Find the line with "Trao chứng nhận" in the entries below, then output every line from it down to the line with "The Royal Bank", exactly and with no pictures.

+++ EXERCISE MATERIAL +++

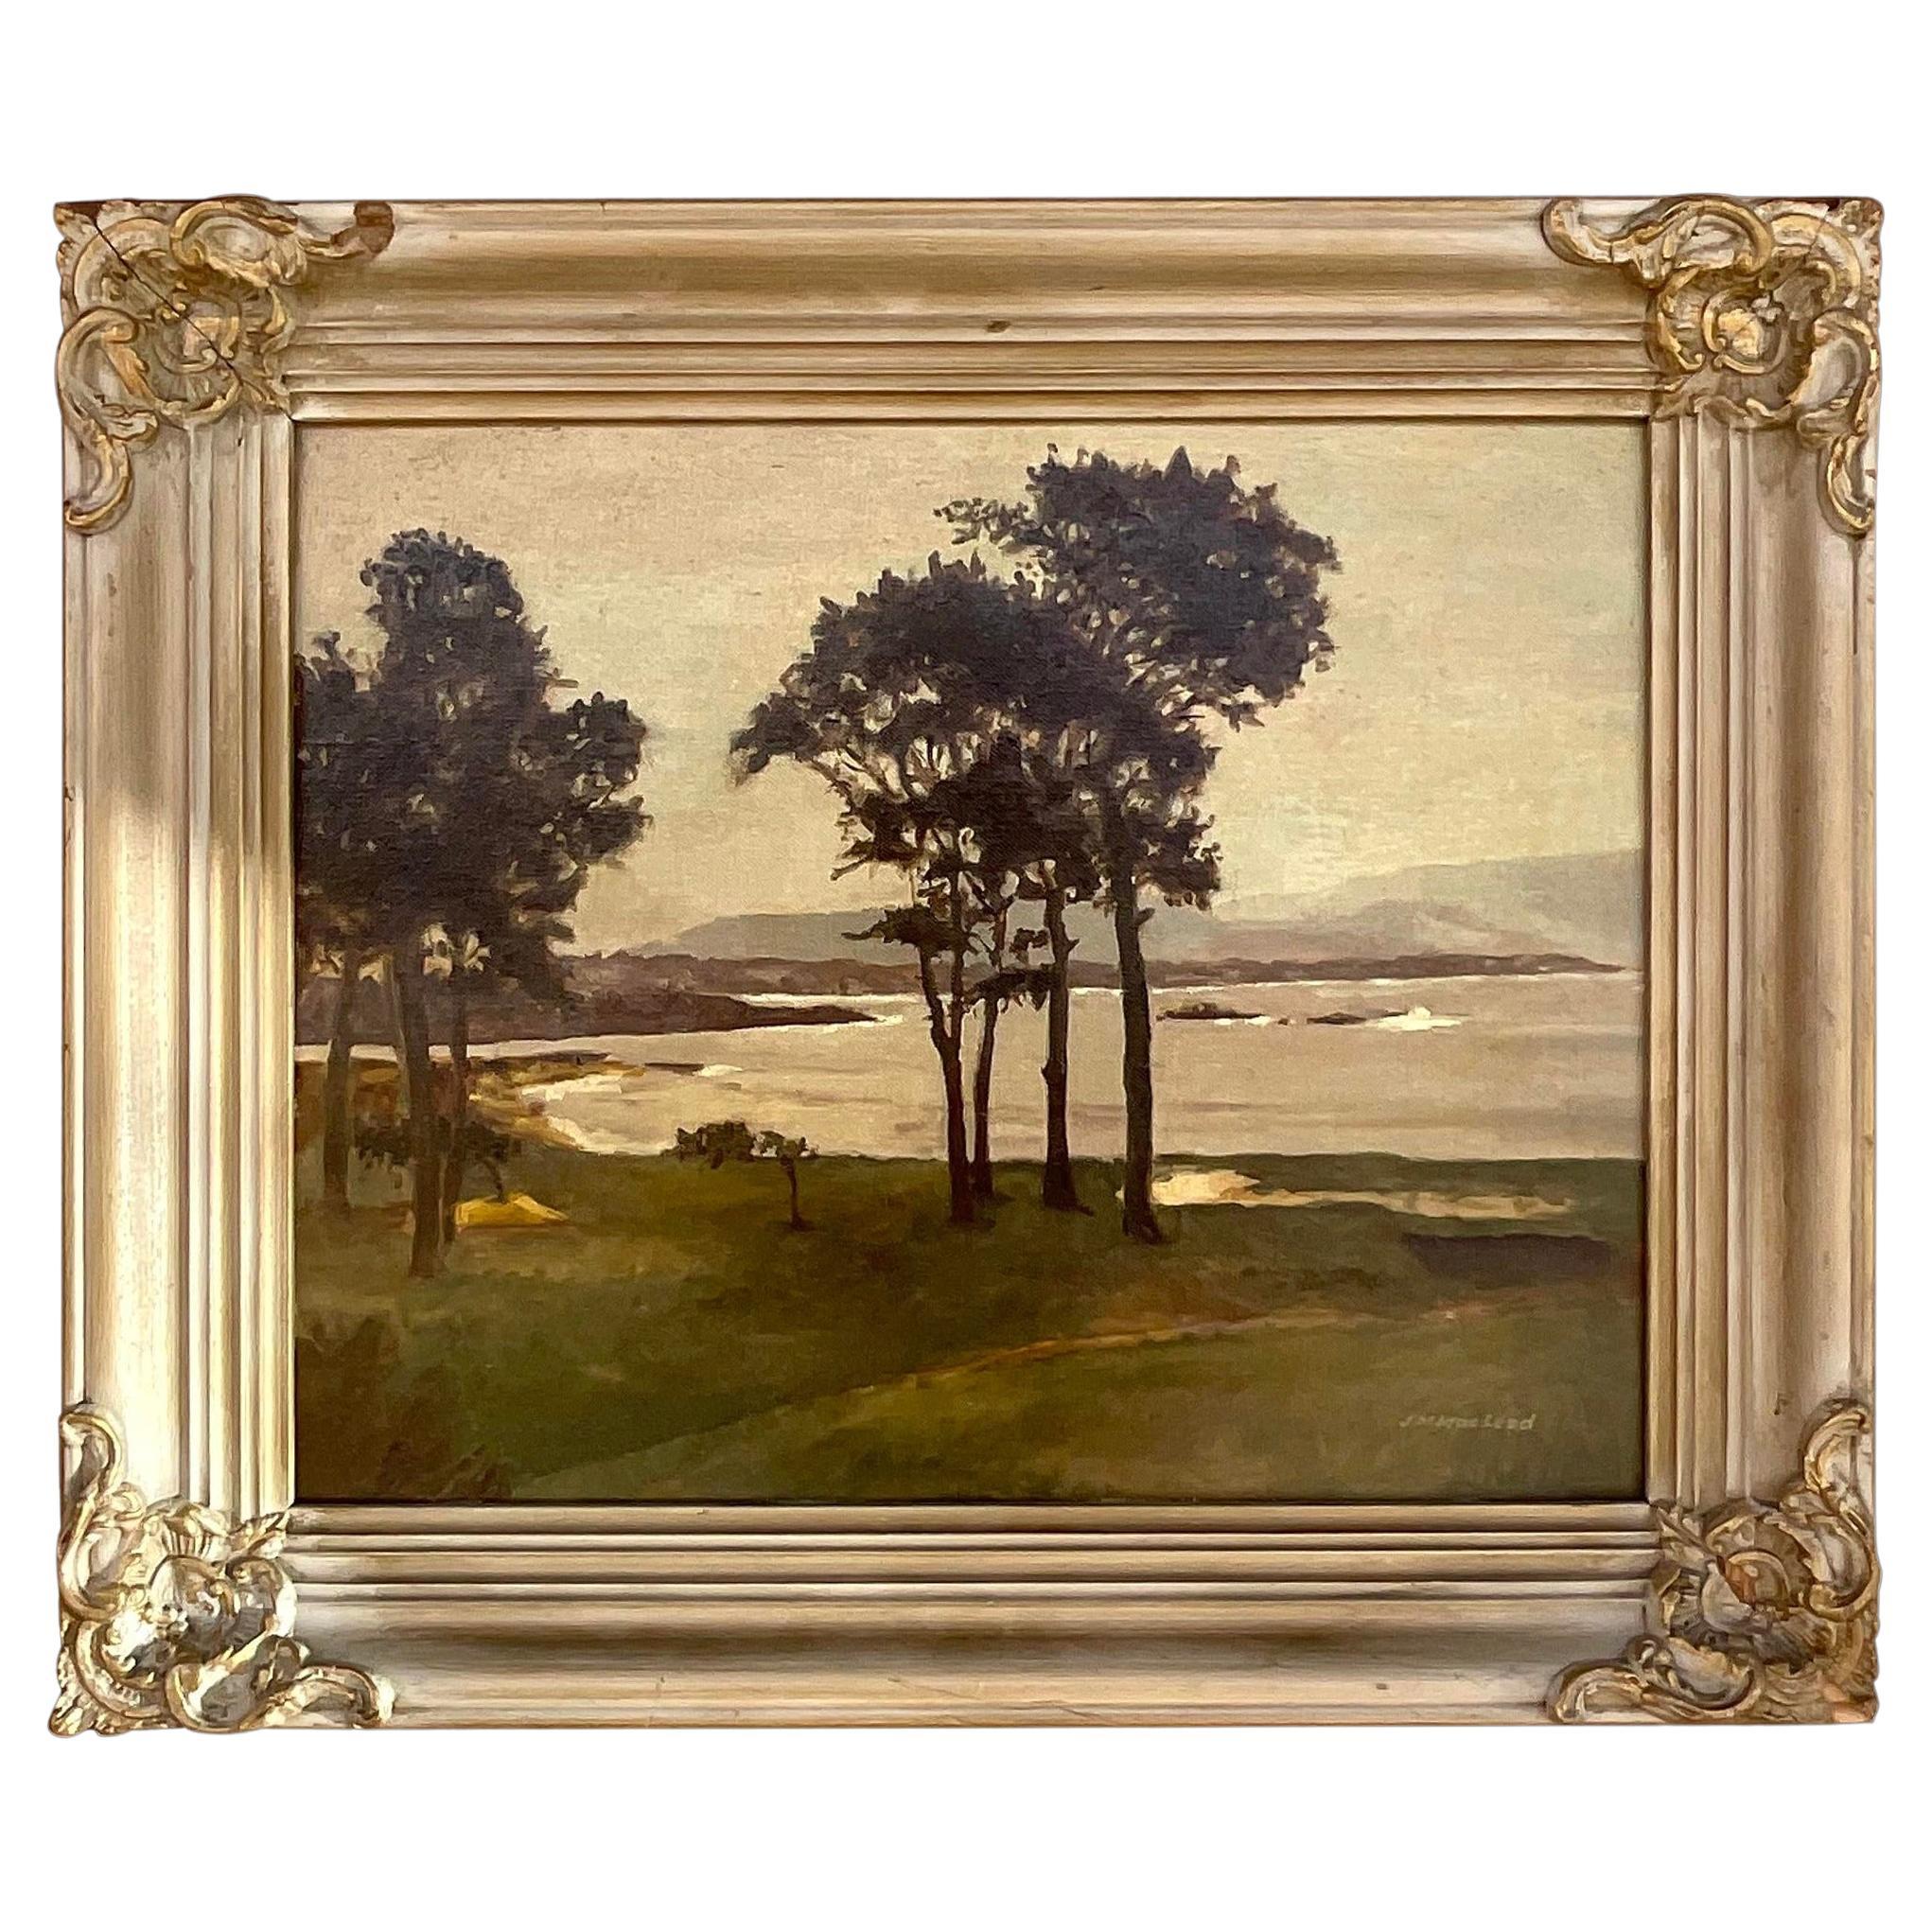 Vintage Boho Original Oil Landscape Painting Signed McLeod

+++
+++ EXERCISE MATERIAL +++

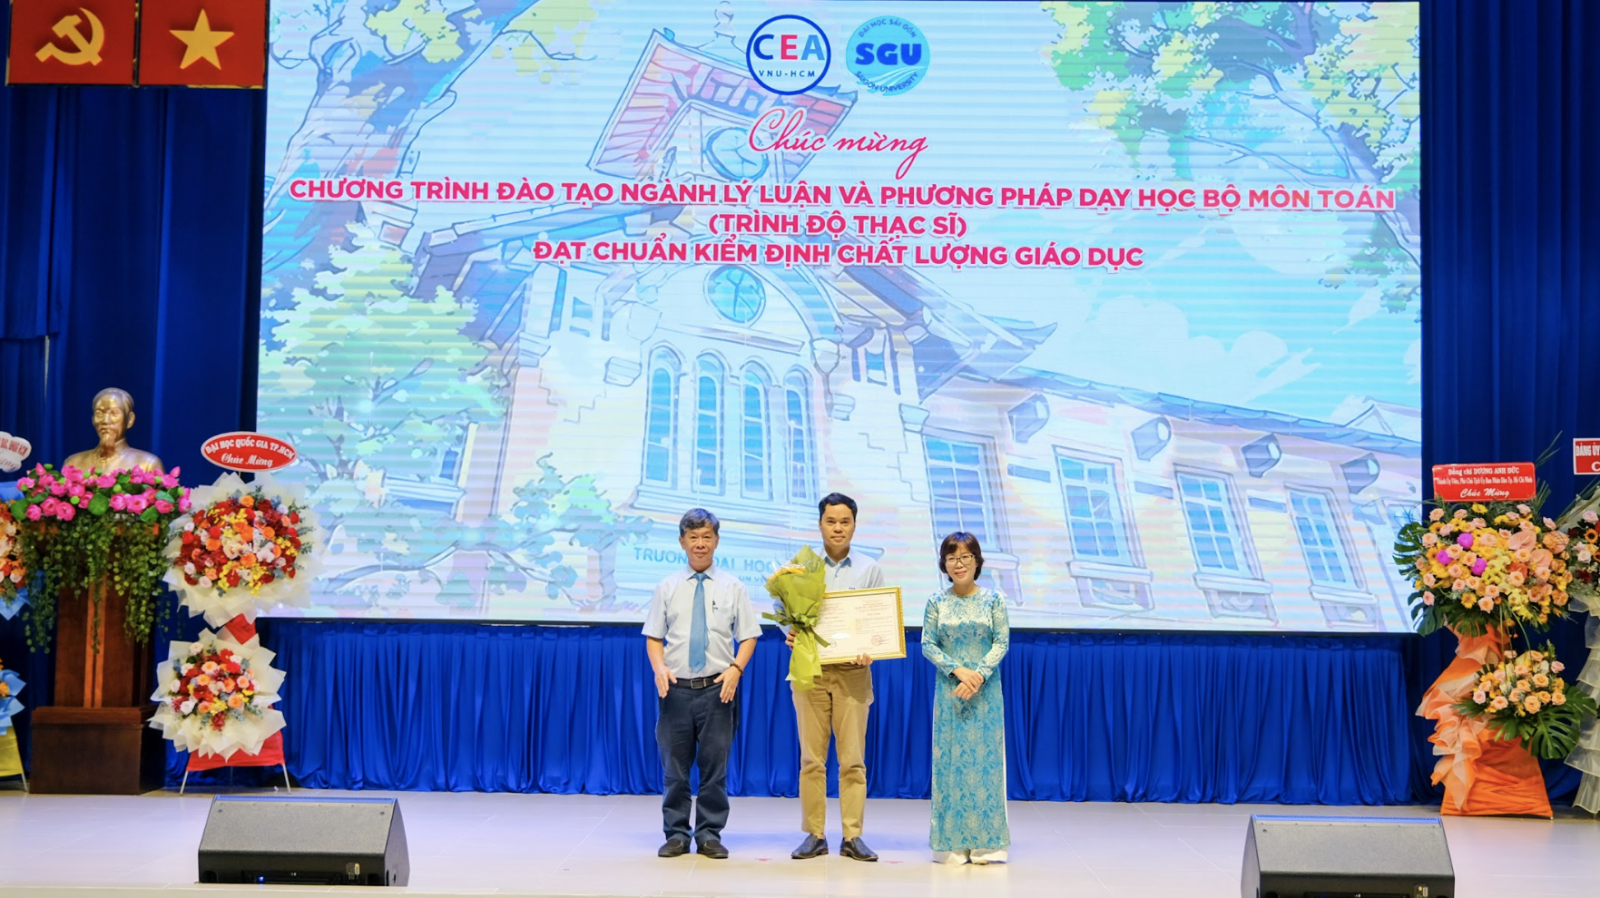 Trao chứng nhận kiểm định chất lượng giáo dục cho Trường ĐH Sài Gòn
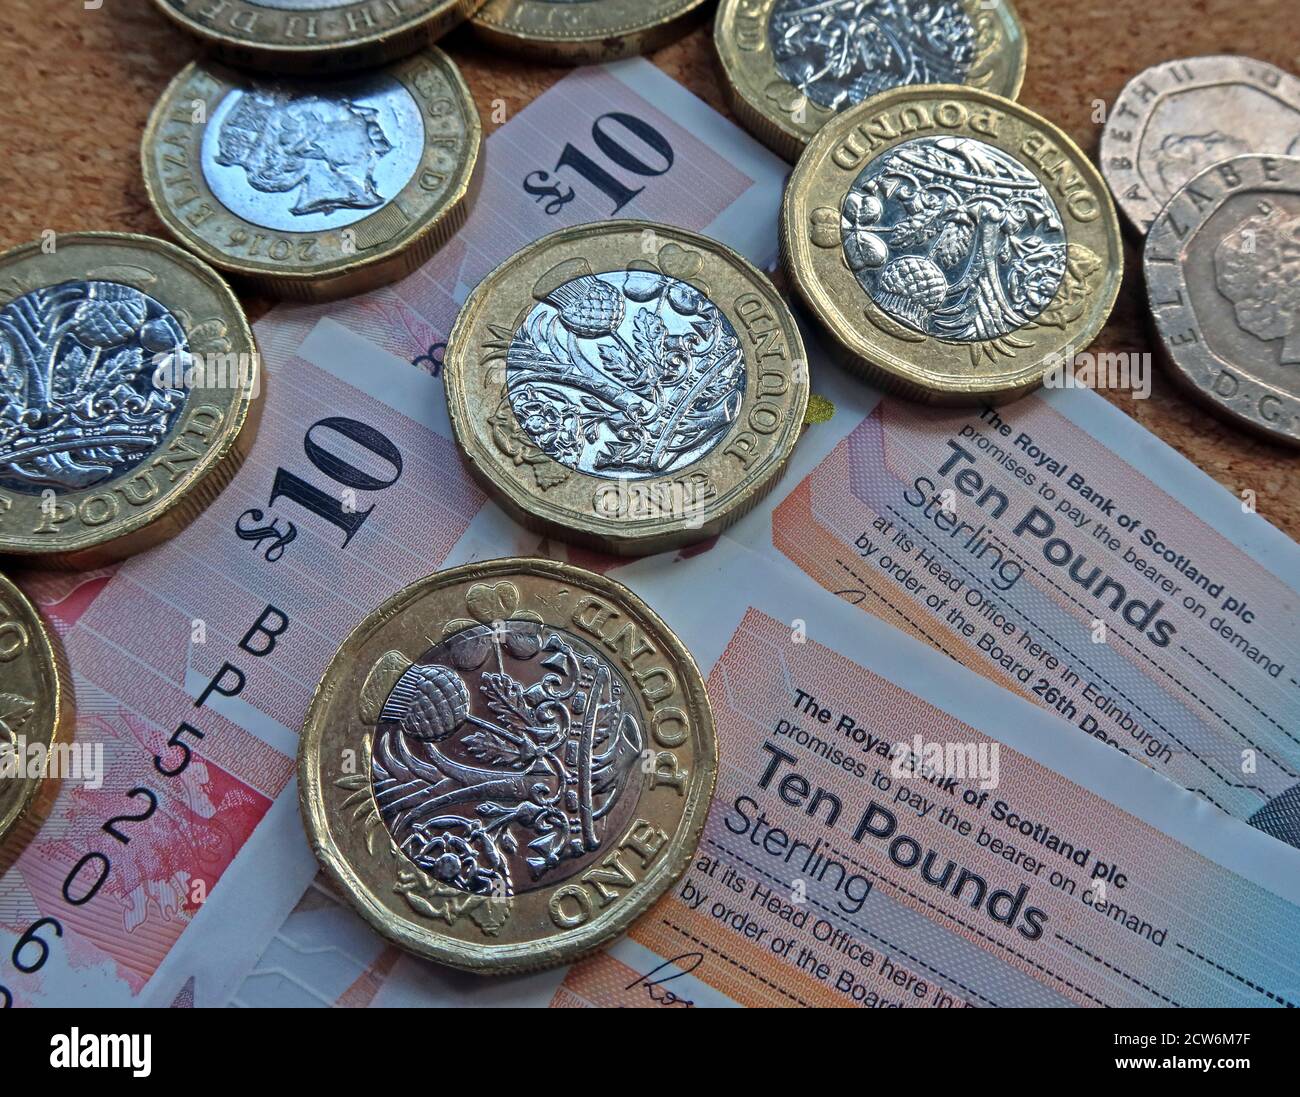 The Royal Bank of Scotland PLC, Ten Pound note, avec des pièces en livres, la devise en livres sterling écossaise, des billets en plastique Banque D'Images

+++
+++ EXERCISE MATERIAL +++

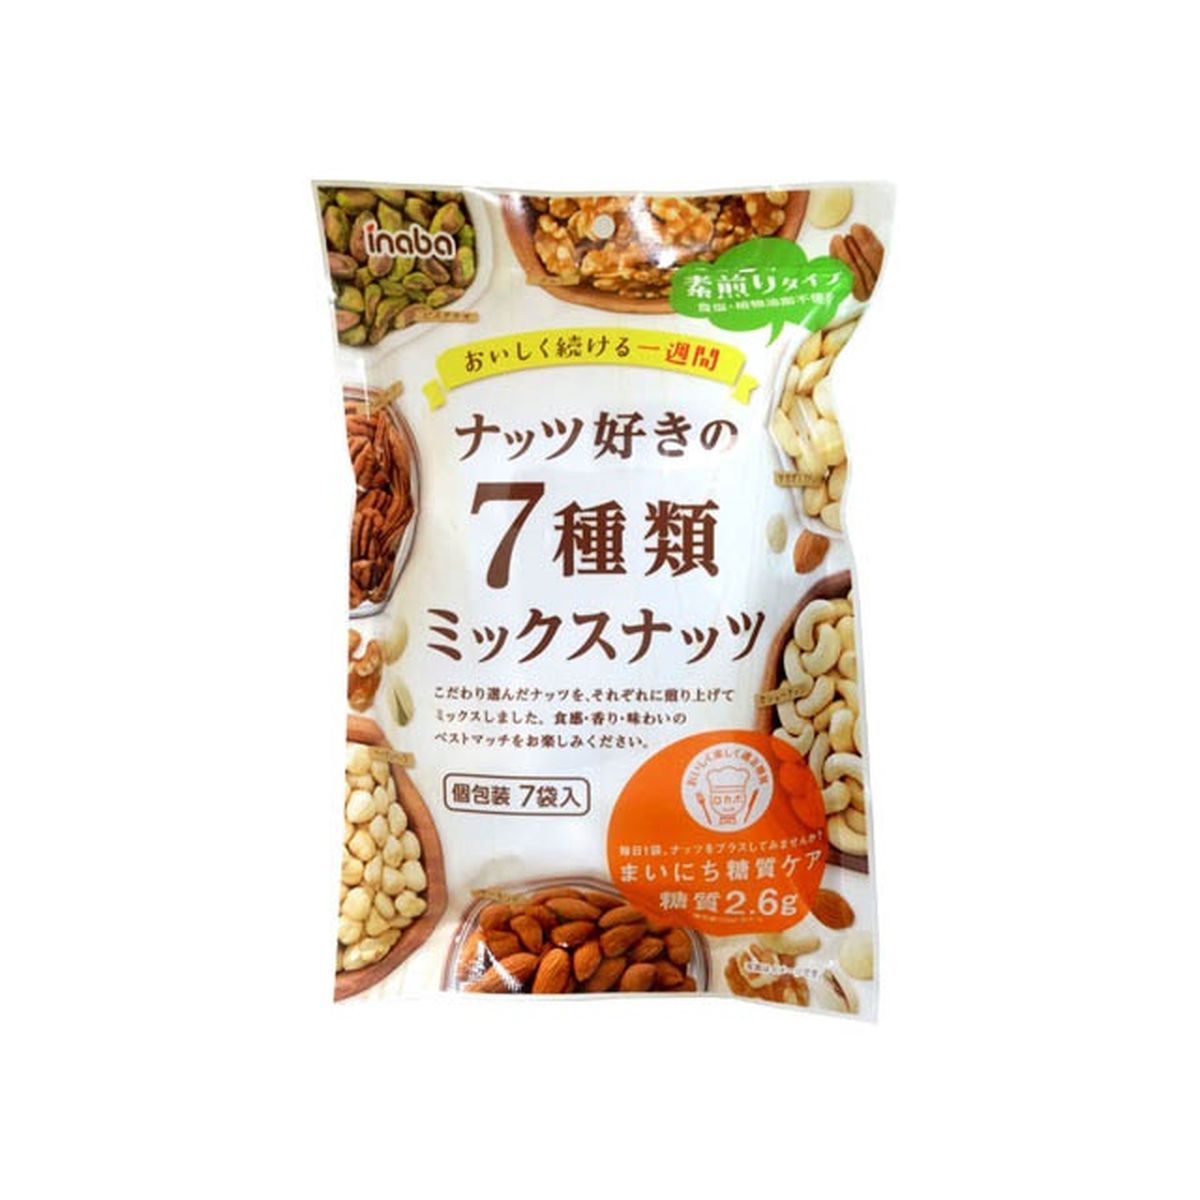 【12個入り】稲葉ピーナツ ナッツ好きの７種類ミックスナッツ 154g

+++

OUTPUT FOR THIS EXERCISE:
 Trao chứng nhận kiểm định chất lượng giáo dục cho Trường ĐH Sài Gòn
 The Royal Bank of Scotland PLC, Ten Pound note, avec des pièces en livres, la devise en livres sterling écossaise, des billets en plastique Banque D'Images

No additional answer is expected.